Monday August 17, 2009
When anti-dumping defeats purpose of FTAs
YOUR report (StarBiz, Aug 10) on the acceleration of the time frame on the New Zealand and Malaysia free trade agreement (FTA) is encouraging news.
However, as indicated in the article, the signing of the FTA should herald greater trade opportunities between businesses in both countries.
For some local companies, the truth is sometimes far from it.
There is a Malaysian company that has been exporting paper stationery products such as exercise books, hard-cover books, and spiral- bound books (also known as case-bound stationery) to New Zealand for a number of years.
About three years ago, the largest stationery player in New Zealand filed a complaint of anti-dumping against the Malaysian entity. The NZ company virtually has a monopolistic position in its local market. The threat to local NZ suppliers or in this case a “monopolist” resulting in the loss of jobs was used as justification for the imposition of anti-dumping duties.
The case for anti-dumping is simply a numerical submission where the alleged export price is lower than the local prices. Allowances are supposed to be given for variations in substance or materials used, freight costs, finance costs, credit terms, and other related costs.
Another factor of contention is material injury to the local industry. In a competitive or free-market environment with many players of similar sizes, the trade impact can be seen across the board. In a monopolistic situation, price is not contingent on marginal cost but on marginal revenue.
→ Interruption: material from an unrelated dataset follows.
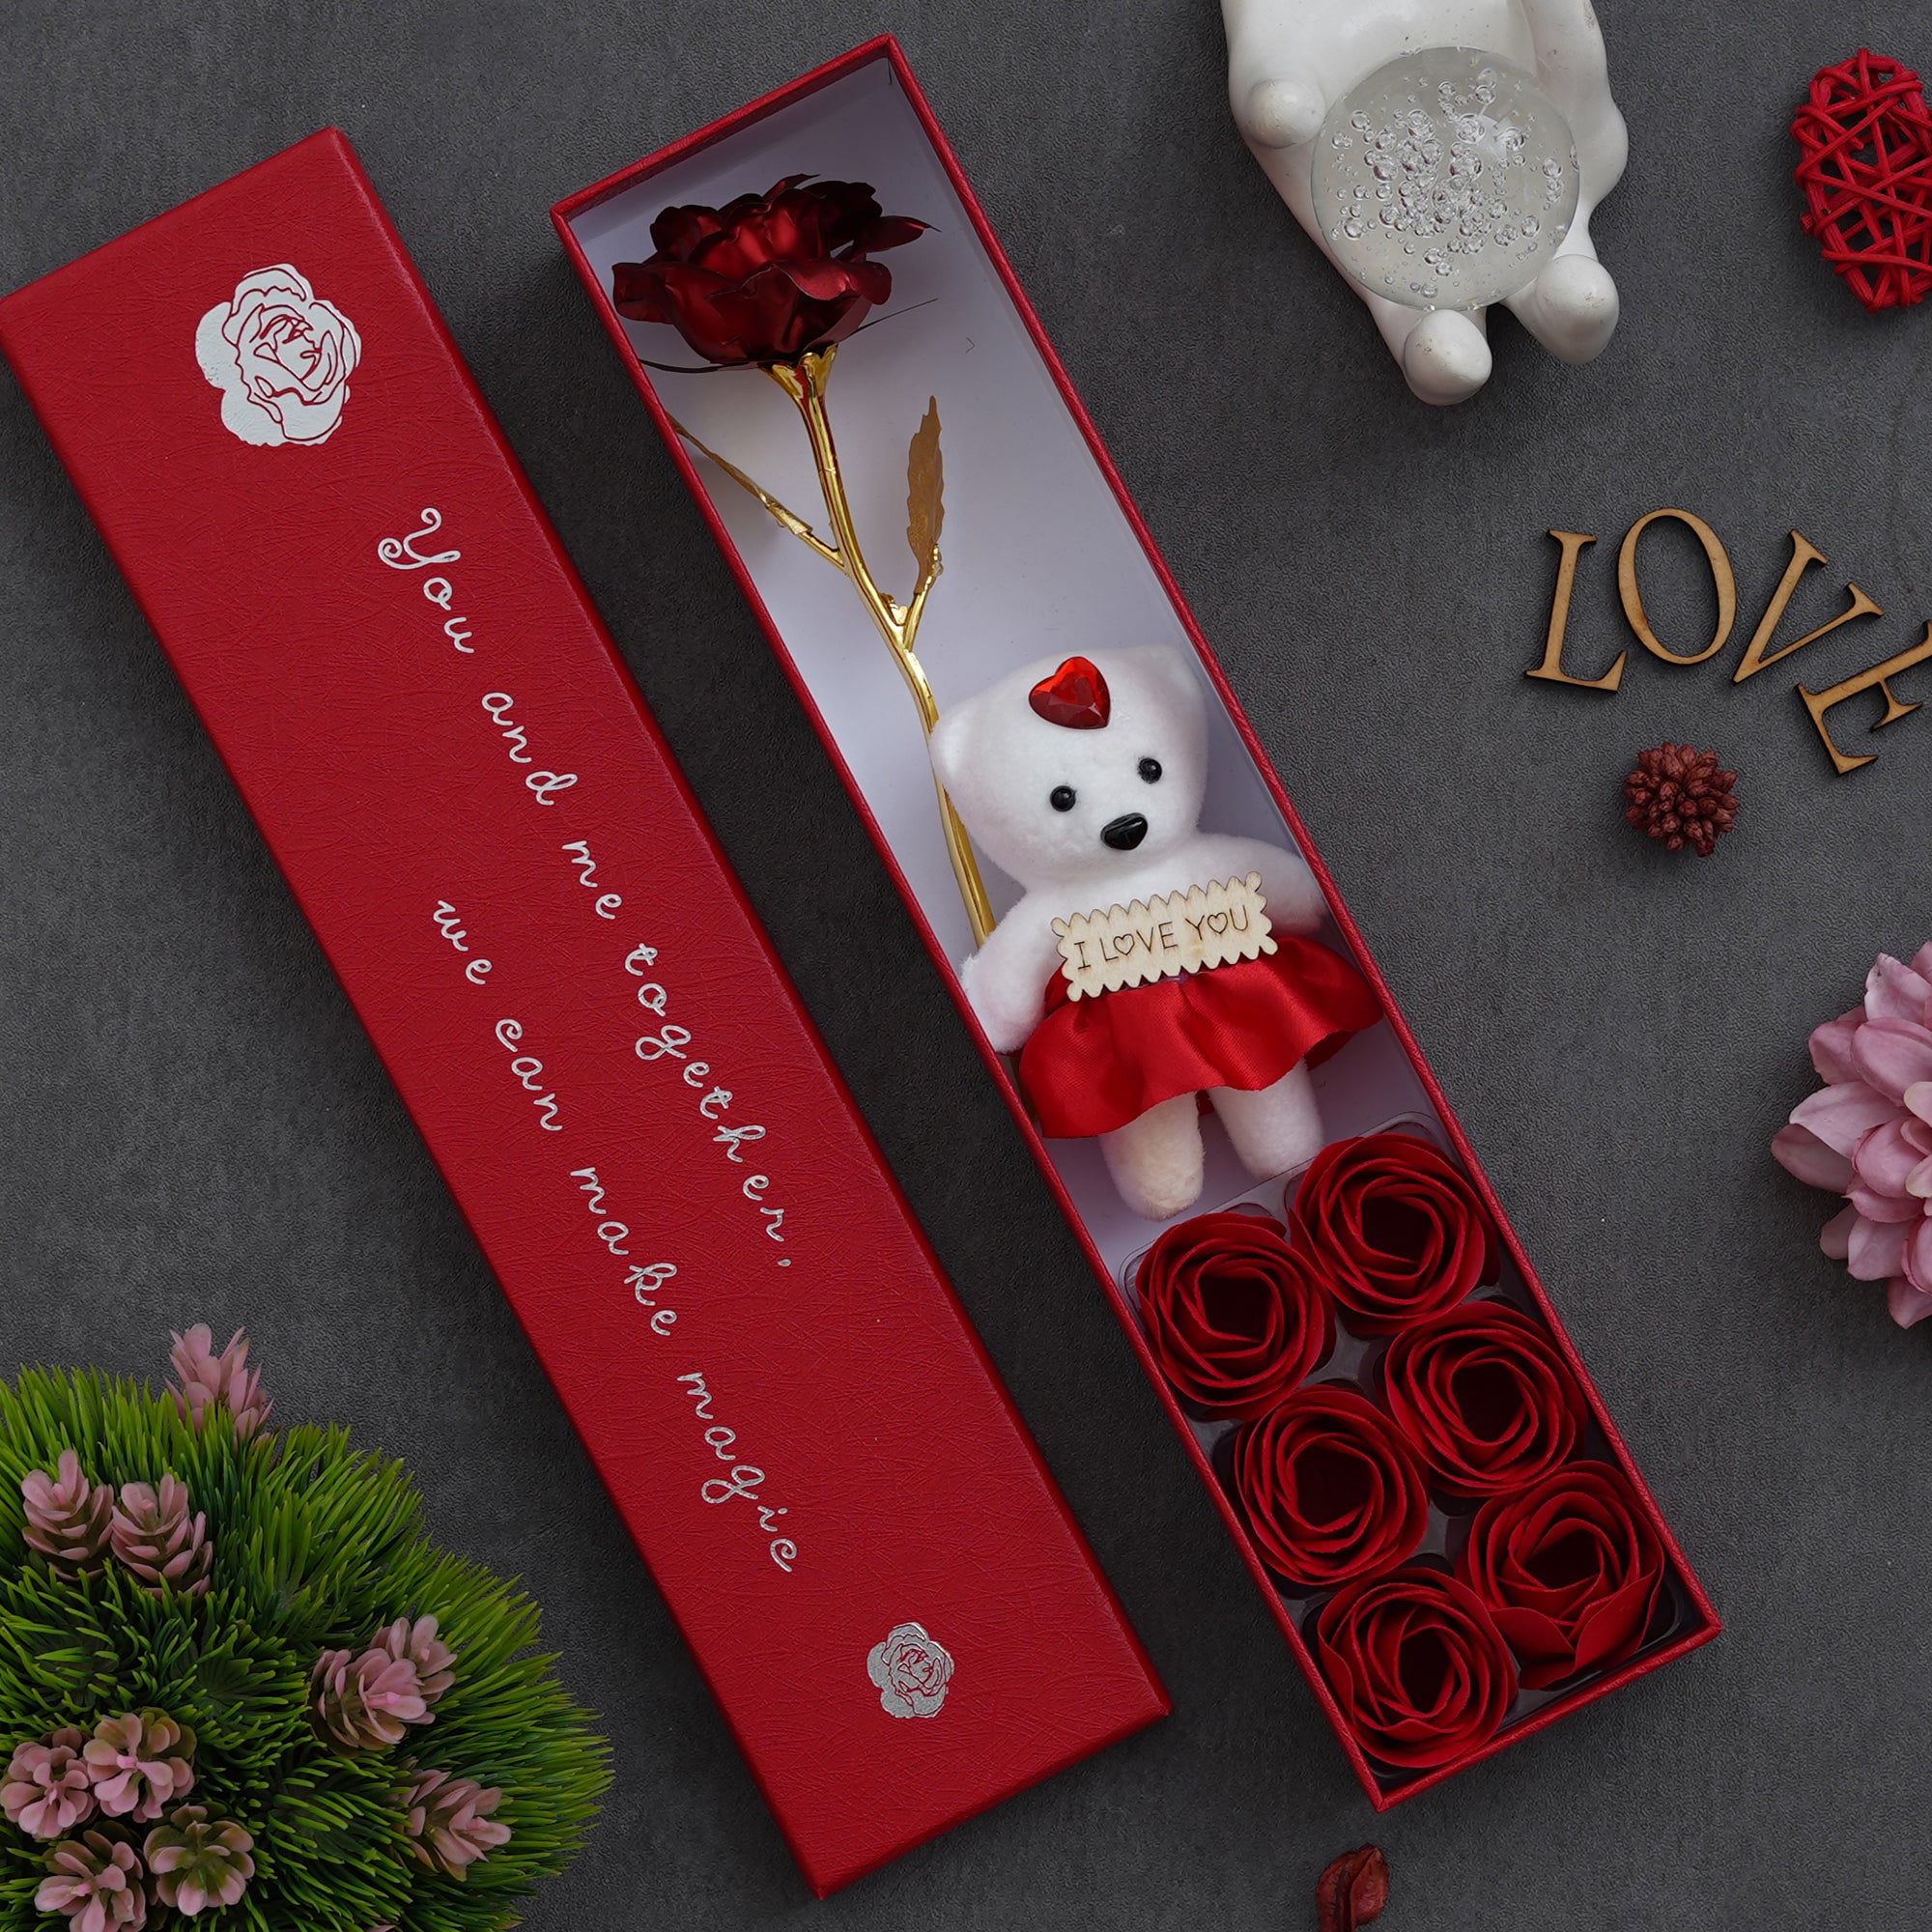 Valentine Combo of Pack of 12 Love Coupons Gift Cards Set, Red Gift Box with Teddy & Roses, "20 Reasons Why I Love You" Printed on Little Red Hearts Decorative Wooden Gift Set Box 3

Where is the negative economic impact, if any? Does anti-dumping in this case improve net social welfare?
The irony is that the landed export price for Malaysian stationery could be higher than the export prices of suppliers from China and Indonesia. Will it be economically justifiable to call for anti-dumping protection for a “monopolist?” Where is the structural damage to NZ producers? Do Kiwi consumers have their say?
For certification of material injury, there has to be an upsurge in the exports with a corresponding sharp drop in local production. Who provides such numbers? Apparently, the aggrieved party or the complainant who stands to benefit most from the anti-dumping duties.
The discretion for adjustments to compute Normal Value (FOB prices) lies with the investigating authorities from the complainant’s government. For local small and medium enterprises (SMEs) to defend themselves against the charge of anti-dumping is no meagre task, which involves significant resource and pecuniary commitment.
Based on simple numbers, the accused “dumper” is already put in a defensive position at the onset. Evidence to extrapolate Normal Value can be accepted or rejected at the discretion of the investigating auditors. Is there impartiality in the equation? Your guess is as good as mine.
At the end of the day, it may not be worthwhile for the Malaysian SMEs to defend the charge. The irony is that the exports of the alleged dumped Malaysian products into NZ are a tiny fraction of the exports from Indonesia or China. It doesn’t matter as the guiding principle is that the so-called Normal Value is higher than the Export Price.
Who suffers? The obvious impact will be on the NZ consumers and the affected Malaysian exporters. While it is heartening to see the proliferation of FTAs, the government should raise such cases where anti-dumping is deployed as a guise for protectionism. In such instances, the spirit of the FTA evaporates.